Я косо улыбнулся и пожал плечами. Точнее — плечом, левым, правое не двигалось и похоже, от распухания на всю комнату его удерживал только рукав. Надо его снять.
— Помоги, пожалуйста, — я перекатился на бок, стал стаскивать свою разнорукавную куртку, Женька тоже схватилась, вдвоём мы с ней как-то справились, бросили на пол. Стукнуло громко — две гранаты и пистолет, я теперь безоружный. Женя тоже вытащила свой, положила на тумбочку, не вставая стянула пиджак и блузку, оставшись в майке. Села по-турецки, участливо заглянула мне в лицо:
— Тебе сильно плохо?
Я опять пожал плечом, понял, что её такой ответ не устраивает и буркнул:
— Нормально. Качает немного, а так — уже лучше. Тебе Вика ничего про передоз от этой фигни не рассказывала?

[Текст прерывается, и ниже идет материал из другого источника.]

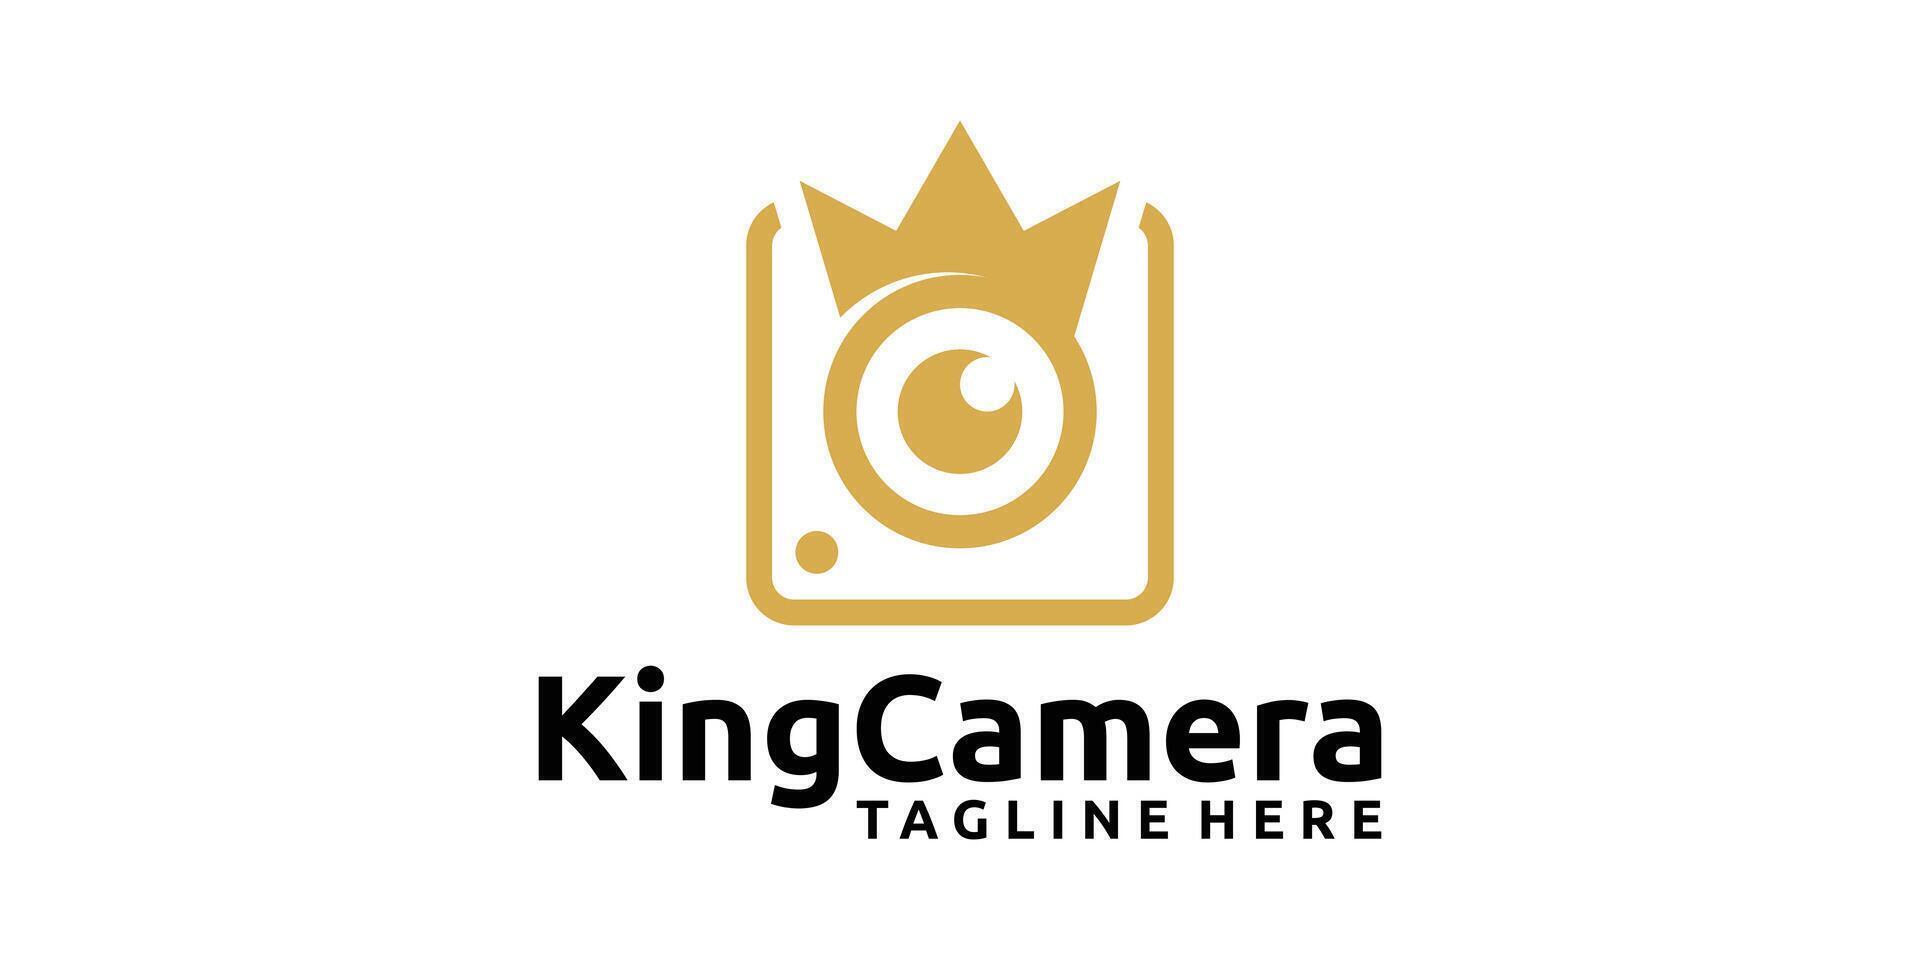 creative king camera logo design, crown and camera logo design, logo design templates, symbols, icons, creative ideas. vector

— Нет, у нас времени не было.
— Ясно.
Мы помолчали, она немного повертелась и опять заглянула мне в глаза, почему-то виновато:
— Лёш… а почему ты промолчал тогда, в лимузине?
Вот же ж не было печали! И что ей сказать? О чём они там говорили, в лимузине, таком, что у неё лицо виноватое и она удивляется, что я промолчал? Ещё одно пожатие плечом, хитрый усталый взгляд, такой, умудрённый жизнью:
— Не хотел вас перебивать, вы так душевно общались.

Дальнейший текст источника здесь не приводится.